Bonn (dpa) - Der weltweit auf Millionen Rechnern verbreitete Conficker-Wurm rüstet auf: Seit der Nacht zum Donnerstag (9.4.) schleust er über das Internet neue schädliche Funktionen auf infizierte Rechner, erklärt das Bundesamt für Sicherheit in der Informationstechnik (BSI).

Ziel der Angreifer sei es unter anderem, befallene Systeme an ein sogenanntes Botnetz anzuschließen. Dabei handelt es sich um einen Verbund von ferngesteuerten Rechnern, mit dem kriminelle Programmierer zum Beispiel Spam versenden. Die weitere Analyse der nachgeladenen Dateien laufe noch, erklärte das BSI.

Nach Angaben des BSI erhalten die aktuellen Varianten C und D die Updates. Die Dateien werden nach Angaben der Behörde nicht von einem Server im Internet heruntergeladen - der Austausch erfolge über eine sogenannte Peer-to-Peer-Funktionalität.
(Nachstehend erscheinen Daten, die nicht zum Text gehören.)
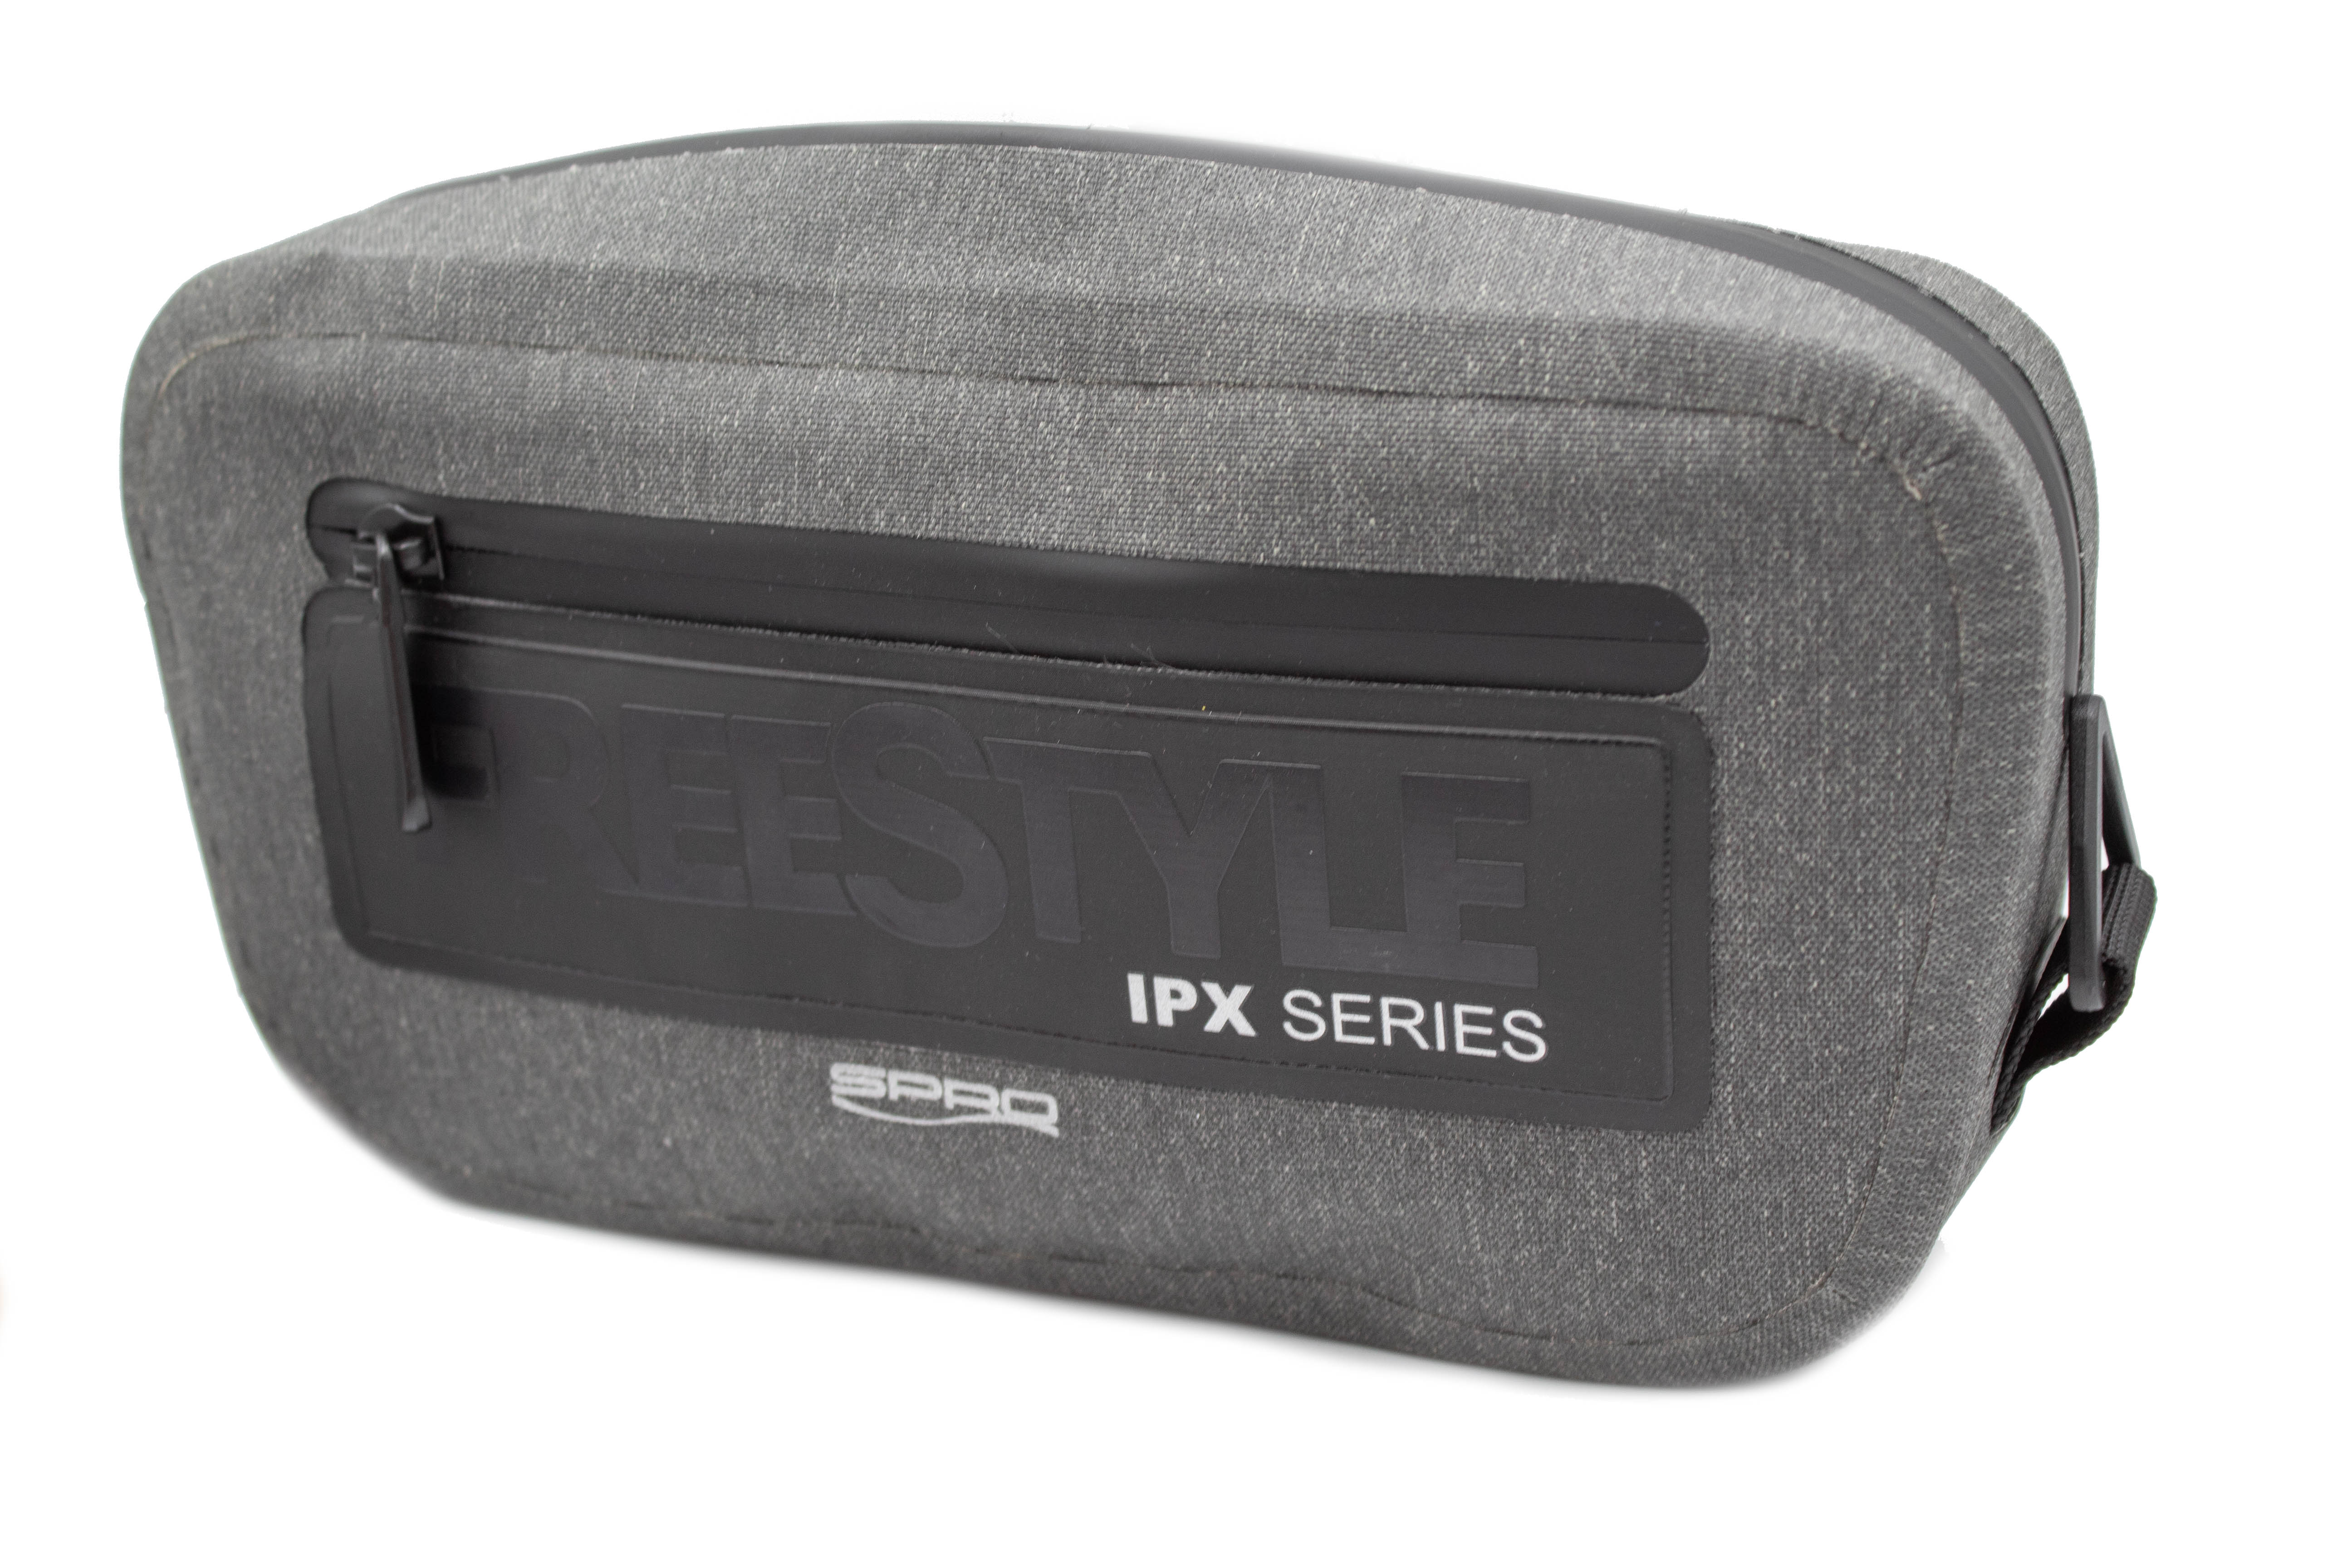 Сумка SPRO Freestyle IPX поясная series belt

Dabei kommunizieren die Rechner in einem Netzwerk direkt miteinander.

Der Wurm verbreitet sich nach BSI-Angaben hauptsächlich über eine Schwachstelle in Windows-Betriebssystemen. Diese ist bereits seit Oktober bekannt und von Hersteller Microsoft mit einem Sicherheits-Update geschlossen worden. Die Behörde rät, für das Betriebssystem und alle Anwendungsprogramme wie Browser, Acrobat Reader oder Flash die verfügbaren Sicherheits-Updates zu installieren. Zusätzlich solle man eine Firewall und ein Virenschutzprogramm verwenden.

Der Conficker-Wurm hat in den vergangenen Monaten zahlreiche Netzwerke von Unternehmen und Großorganisationen befallen. Schätzungen zufolge sind weltweit zwischen drei und zehn Millionen Rechner infiziert. Experten hatten erwartet, dass der Schädling am 1. April aktiv werden und große Schäden verursachen würde. Ein Angriff in großem Maßstab war jedoch zunächst ausgeblieben.